After retrieving this bucket,  I went and got another bucket from another post and went into the store drenched from head to toe.  The look on LeaAnne’s face when she saw me was hilarious.  When I said, I got wet out there and started laughing,  she started laughing too. 

Some of you may know the story of Jesus calming the storm.  For others, the story is in Mark 4:35-41  NIV

That day when evening came, he said to his disciples, "Let us go over to the other side."   Leaving the crowd behind, they took him along, just as he was, in the boat.  There were also other boats with him.   A furious squall came up, and the waves broke over the boat, so that it was nearly swamped.
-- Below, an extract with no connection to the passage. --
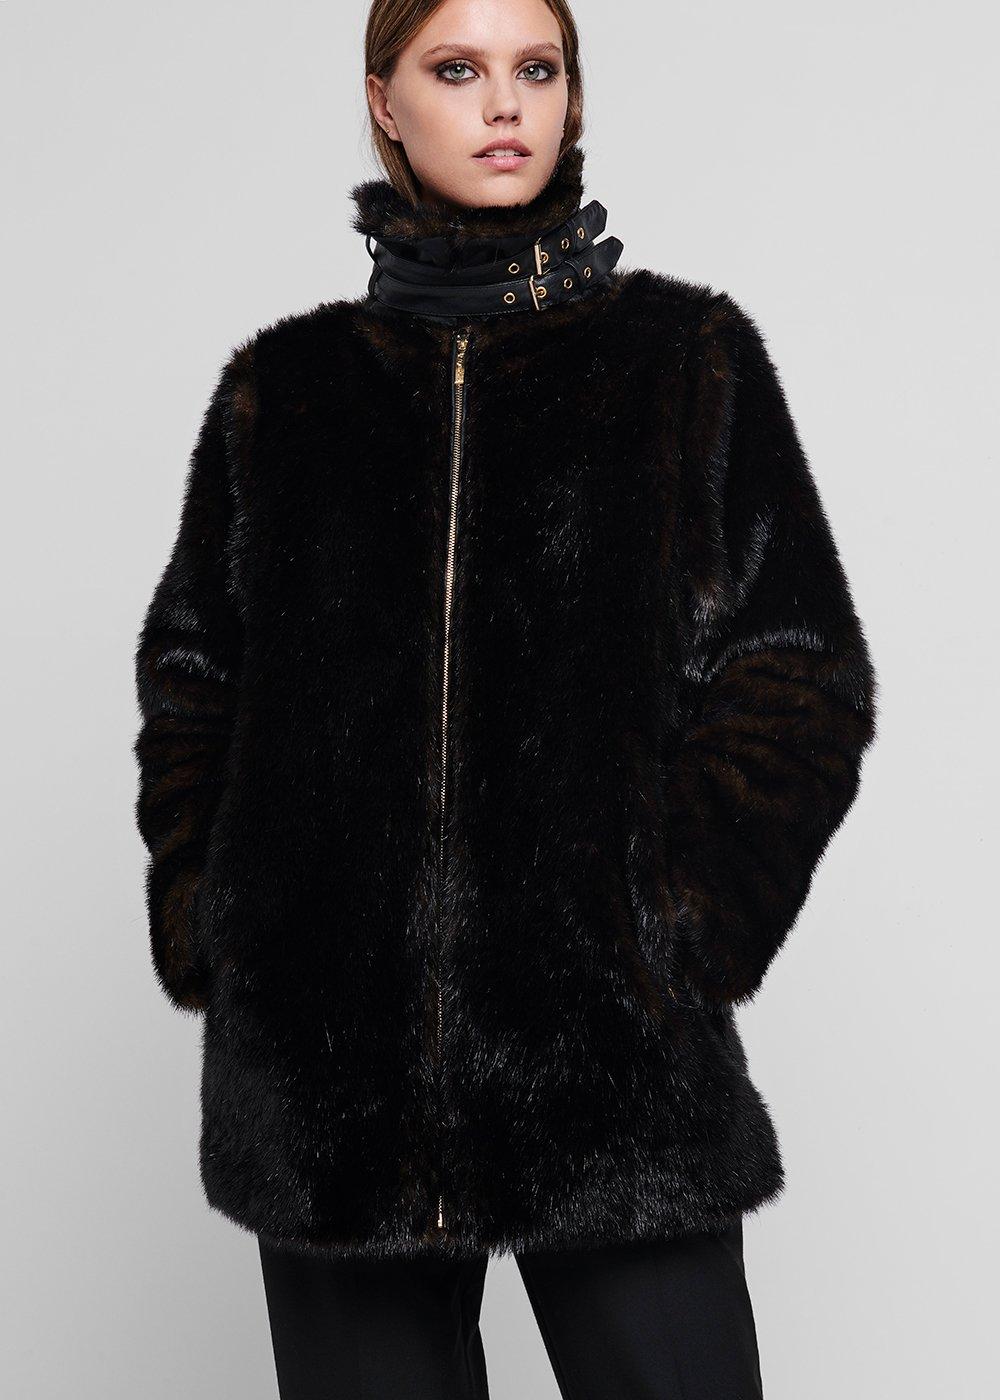 Beaver - effect faux fur coat - Black - Woman
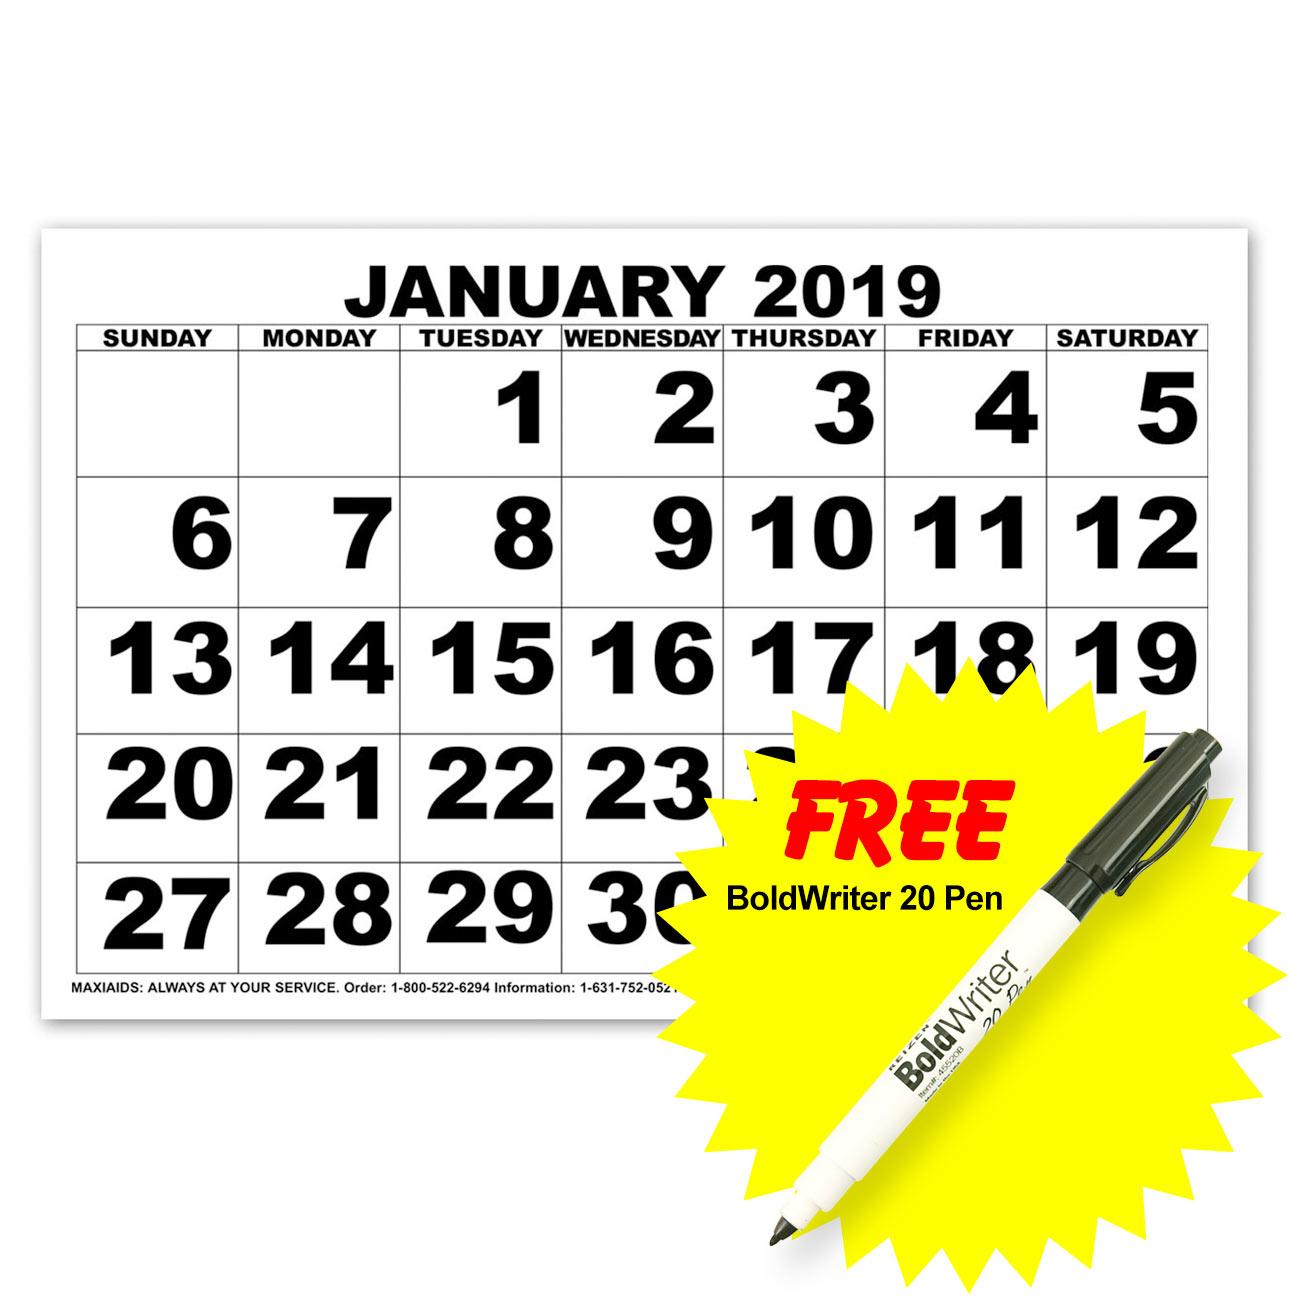 Low Vision Print Calendar - 2019 with BoldWriter 20 Pen

Jesus was in the stern, sleeping on a cushion. The disciples woke him and said to him, "Teacher, don't you care if we drown?"

He got up, rebuked the wind and said to the waves, "Quiet! Be still!" Then the wind died down and it was completely calm.   He said to his disciples, "Why are you so afraid? Do you still have no faith?"   They were terrified and asked each other, "Who is this? Even the wind and the waves obey him!"

It was towards the end of my shift when the episode of being nearly drowned occurred.   I went about the rest of my cleaning duty and headed for home.  I parked my car in the garage and went inside the house. I  took off my wet shoes and coat when a shi’zu came running from upstairs to greet me.  She was also letting me know that she wanted go outside to do her duty. 

As I was waiting for her to finish, I looked up to the midnight sky.   The air was still warm and damp.  There were many twinkling stars out.  It was peaceful.  At that moment I wished I had the patio table and chairs out so I could sit and enjoy the moment for awhile. 

When Keiko was ready to come inside, I noticed that I didn’t have my coat on.  Normally I freeze easily.  But tonight I was warm.  Warm from the inside out.